The combination of a wonderful but demanding promotion that caused work to bleed into my weekends and my dire lack of knowledge about farming led me to the conclusion that I need to step back, reassess, and rethink the order in which I’m doing things. So the farm class is on hold. I’m not really a drop-out, I’ve just deferred continuing until next year, but “drop-out” made a better headline. 

I have this tendency to run headlong into things. Once my mind is made up, it’s like the starting gun has been fired and I GO! This has served me well so far. After three months of dating, my husband and I decided to get married, and we did so just three months later. Next fall, we’ll celebrate our 25th anniversary. When I decided it was time to move from our last house, we had our property on the market and sold in about two weeks, and bought a new house just a week after that. So when I decided that it was time to learn more about farming, I didn’t hesitate to plunge into a class aimed at starting a farm business. I thought I was ready. But I’m not. Or maybe I was just on the wrong track.

I am ready, however, to get my hands dirty, and that is exactly the place I need to start. I need a season of planting something in my backyard patch of clay, of learning to make and use compost, of building a coop and getting a few hens. I have to start somewhere, and I’ve recognized that the place to do it is on this suburban plot I call Half-Acre Farm. Now I need to dig in. 

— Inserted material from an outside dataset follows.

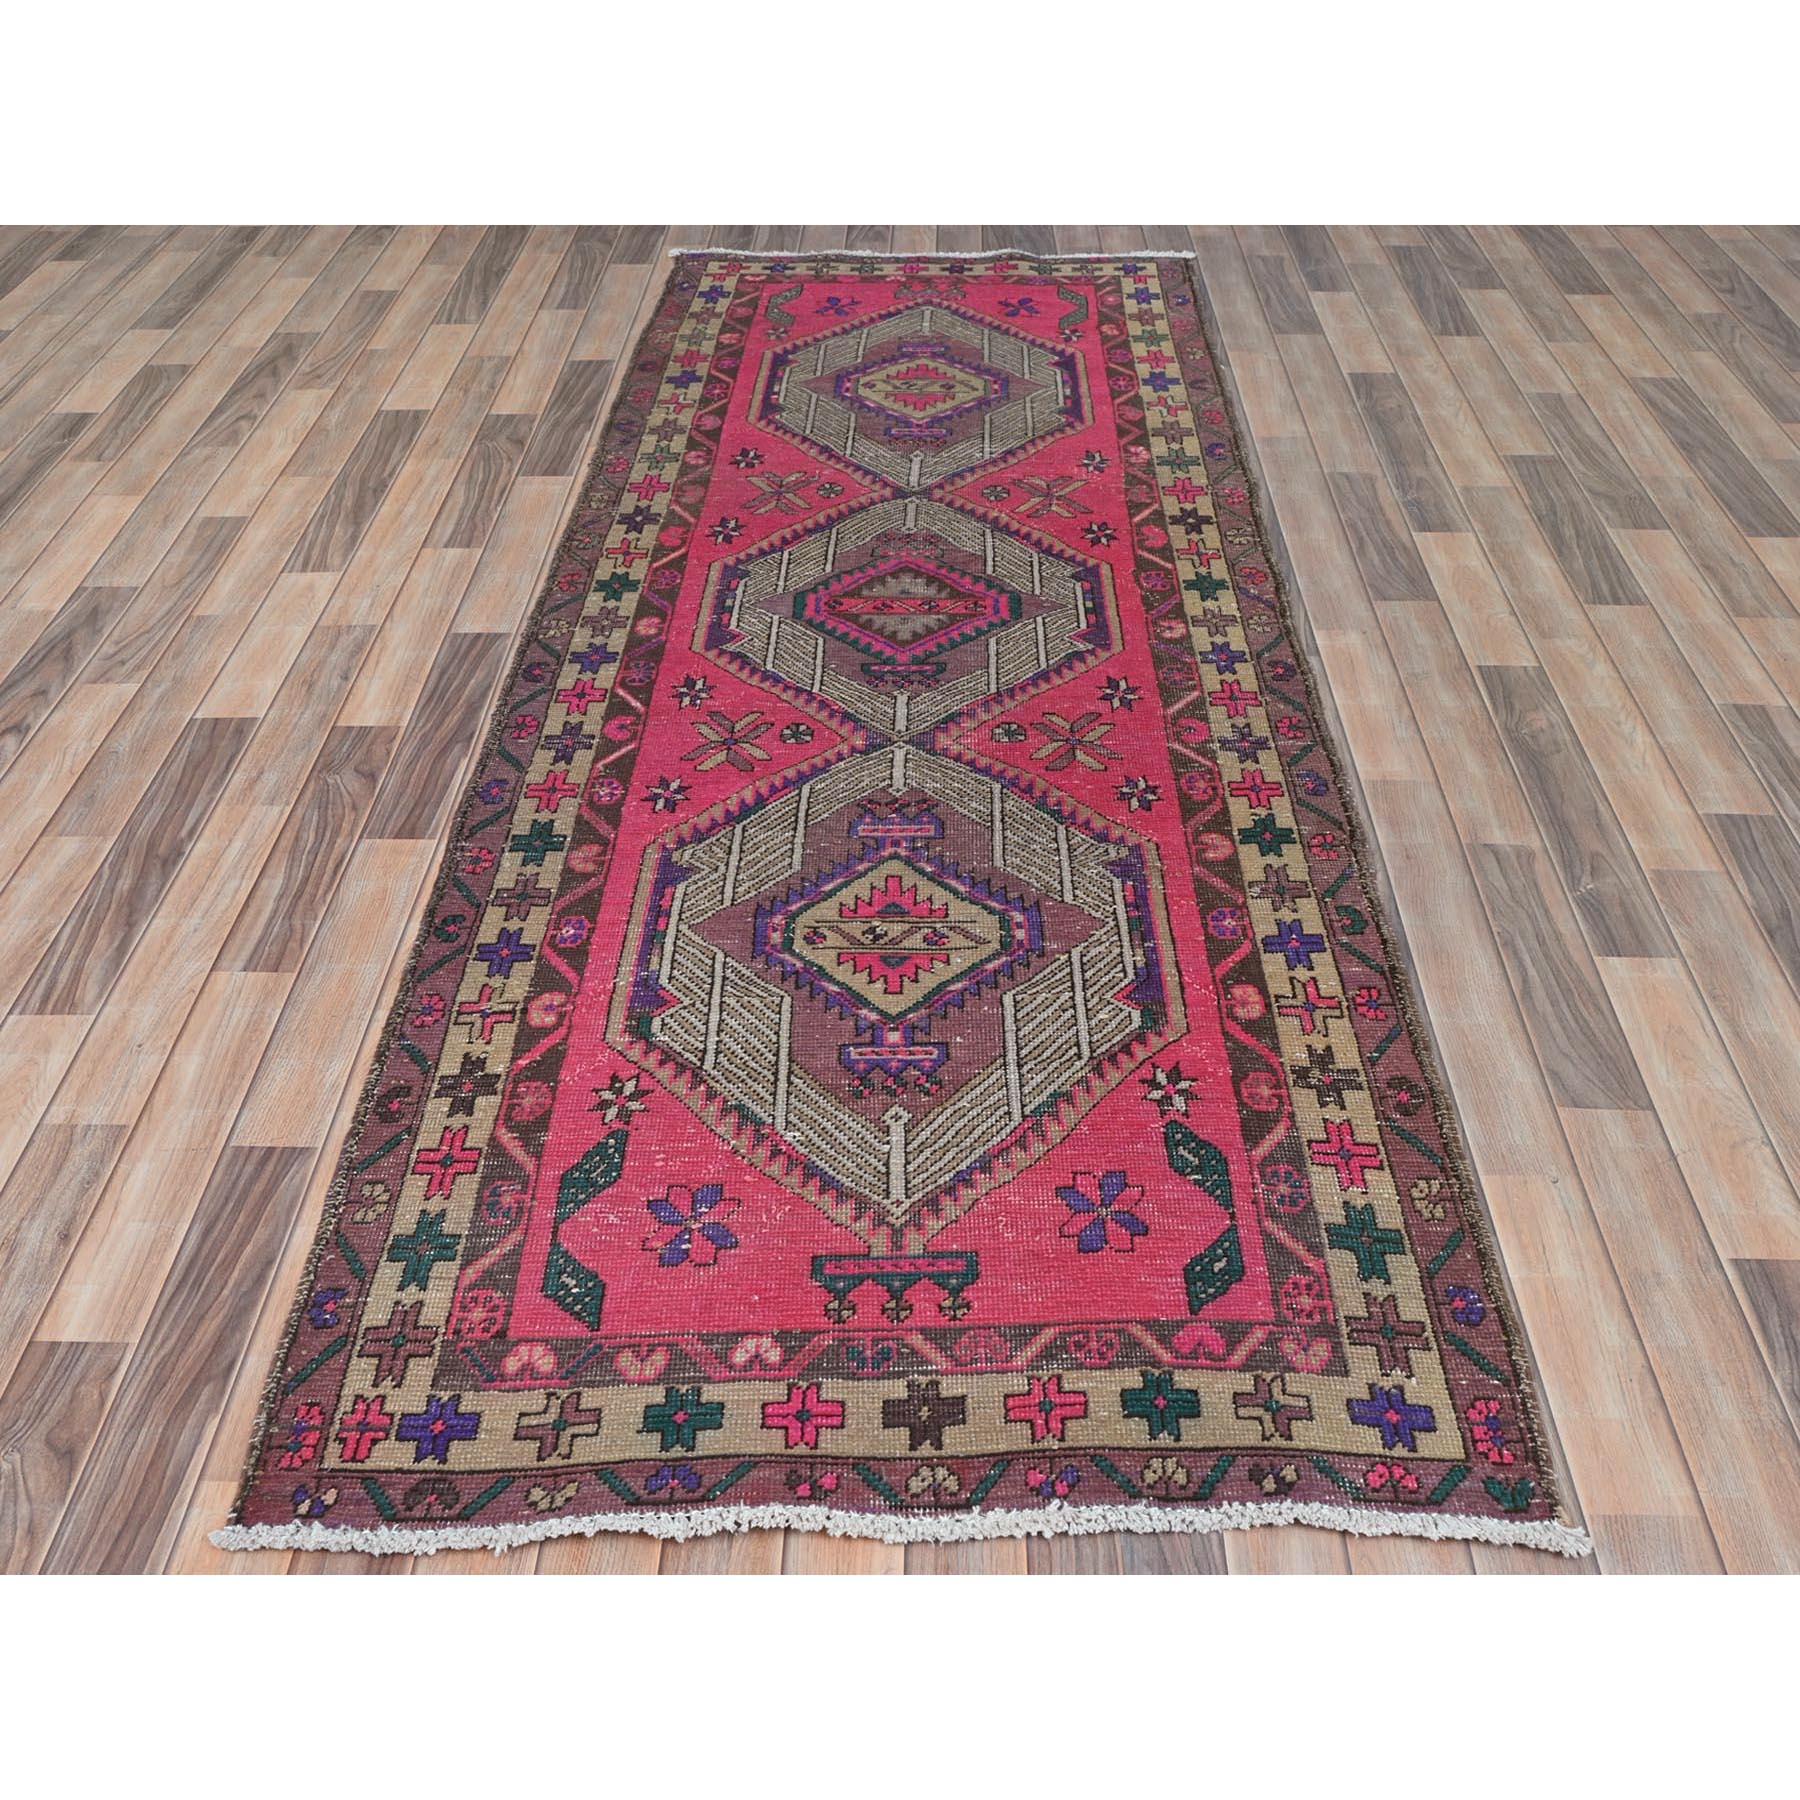 This fabulous Hand-Knotted carpet has been created and designed for extra strength and durability. This rug has been handcrafted for weeks in the traditional method that is used to make
Exact Rug Size in Feet and Inches : 3'7

After my first day in class, I wrote about the irony of learning to farm in a windowless classroom–the very environment I’m seeking to escape. I still think there’s a place for what I was learning there, I just think I need to earn a place in that classroom first. As a wise farmer friend said to me, “Courses are great fun and very helpful, but learning by jumping in is exhilarating.” It’s funny–I was thinking that by taking a class in the business of farming, I was jumping in–but maybe I was jumping around the fact that no matter how much I learn about farming, there’s only one way to become a farmer, and that’s to do it. So, deep breath! Time to plunge in.

The goal now? Chickens. I’ve been talking about it forever. Time to do. Time to GO! Let’s see if this time, I’m on the right track.